Upper Montclair, NJ (PRWEB) December 10, 2008
The year 2008 will go down in retailing history as one of the most tumultuous on record. A global recession, a flood of bankruptcies, changing consumer shopping behavior, advances in technology, and sustainability as a business imperative are just some of the factors that have shaped the industry this year and will, no doubt, greatly influence its future direction.
As an online forum serving retailing professionals, RetailWire.com sees the reaction to events reflected in the daily commentary of its BrainTrust of retailing experts and website subscribers. This year, RetailWire's editors have noted a particular intensity in the dialogue as panelists attempted to sort out the reactions, over-reactions and strategic repositioning of retail chains, product manufacturers and tech solutions providers.
To summarize what might be characterized as this "year of retailing dangerously," RetailWire.com has complied its first annual list of most significant "Turning Points." In coming weeks, RetailWire.com will present these items as individual interactive discussions, as always providing an open forum for some of the industry's best minds to dissect problems and anticipate the next wave of innovation.

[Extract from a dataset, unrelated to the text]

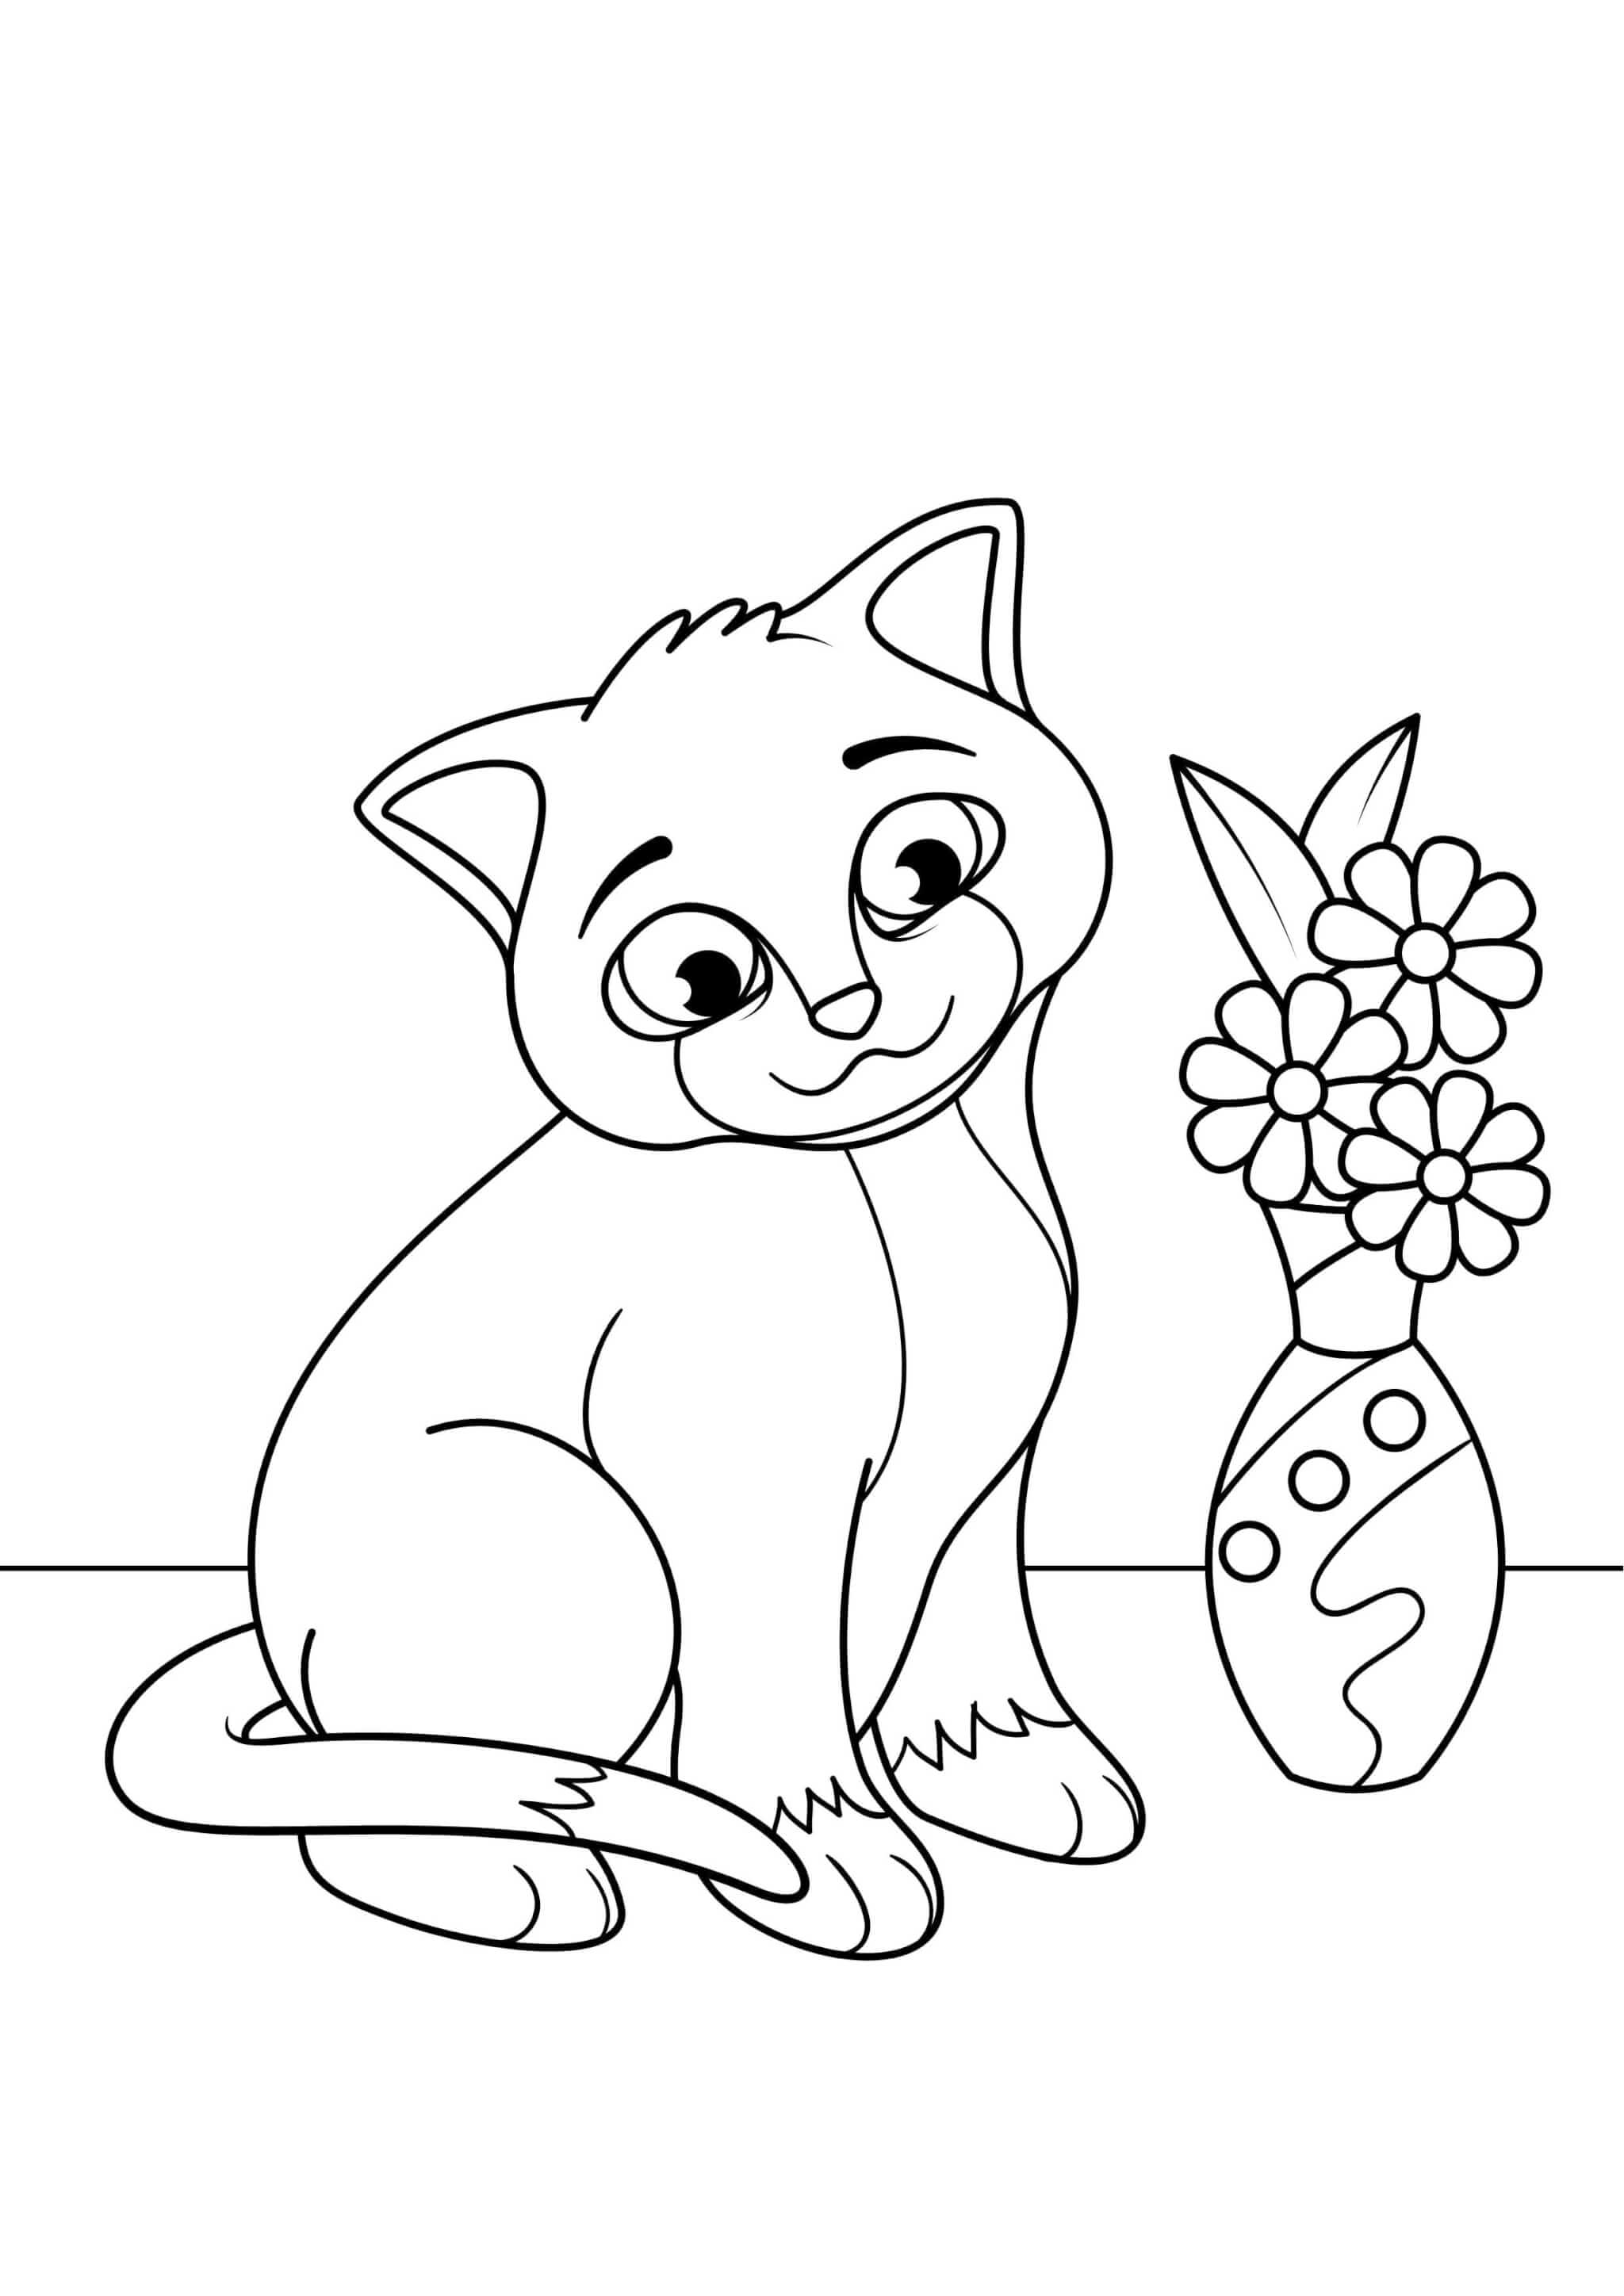 Раскраска Котёнок и цветочки

RetailWire's Turning Points in Retailing - 2008:
A No Good, Very Bad Retailing Year - Retail performance in 2008, with some notable exceptions, has stunk. What lessons are to be learned from all the bankruptcies, desperate price cutting and other bad news, and when will there be good news to look forward to?
The Price Point is Right - Manufacturers mindful of decreased consumer purchasing power and the need to protect corporate margins have tried a combination of tactics including multi-stage price increases and package downsizing. How will consumers react to these moves by brands and how will private label products be affected?
Organic Plateau - The economy and decreases in disposable income have clearly put a damper on the sale of organic foods and other products. Have green foods gone as far as they can go?
Technology is King - Companies continue to see information resources and applications that improve operational efficiency - especially where 'green' agendas can also be served - as assets requiring further investment, even as cutbacks are made in other areas. What technologies promise the greatest return and are right for the sustainability challenges faced by retail?
Global Economics - Protectionism is not seen as the way forward but the urge to withdraw inward is natural in times of economic strife. What will sourcing, particularly from Asian nations, look like in the year ahead and how does the domestic industry make the case that manufacturing overseas offers real net benefits for Americans?
Print No More - Newspaper and magazine circulation is down, consumers are turning to electronic coupons rather than FSIs, snail mail is more expensive and often less effective than email. What is the future of print vehicles from a retail marketing perspective?
Digital Evolution - Marketing attempts to go where the consumers are heading, with social media, e-commerce sites, email and mobile marketing. Where will marketers find the most receptive audiences?
Shining the Apple - Apple's success with the iPod, iTunes, iPhone and its line of laptop and personal computers has made it virtually recession proof while so many others have faltered. What's behind Apple's success?
Shopper Marketing ROI - Influencing purchases at the point-of-purchase is the oldest of strategies but is being repositioned as a new game with some exciting new twists. What new in-store marketing vehicles are driving sales and what will the next generation of p-o-p look like?
There's No Place Like Home - Less disposable income and concerns about whether jobs will disappear tomorrow has many consumers living simpler lives. What does a population of homebodies mean for retailers and brand marketers?
No Small Order - Tesco, Walmart, Safeway and Supervalu are just some of the chains looking to go small. Will small format grocery stores put a dent into big boxes and what do changes in the consumer marketplace mean for the shape of stores to come?
Walmart's New Image - Some would still portray the world's largest merchant as the retailing equivalent of Darth Vader but there's no doubt the company has made changes in recent years that have more people viewing it as having turned its back on the dark side. What steps has Walmart taken to so effectively remake its public image?
RetailWire is a unique online news analysis and discussion forum, which launched in February 2002. RetailWire goes beyond conventional headline news reporting. Each business morning, RetailWire editors pick news topics worthy of commentary by its "BrainTrust" panel of industry experts, and the general RetailWire membership. The results are virtual round tables of industry opinion and advice covering key dynamics and issues affecting the retailing industry.
Membership to RetailWire is free to all qualified retail industry professionals. Over two-thirds of members are in top executive or senior management positions, representing a broad cross section of retail channels and the companies that supply them.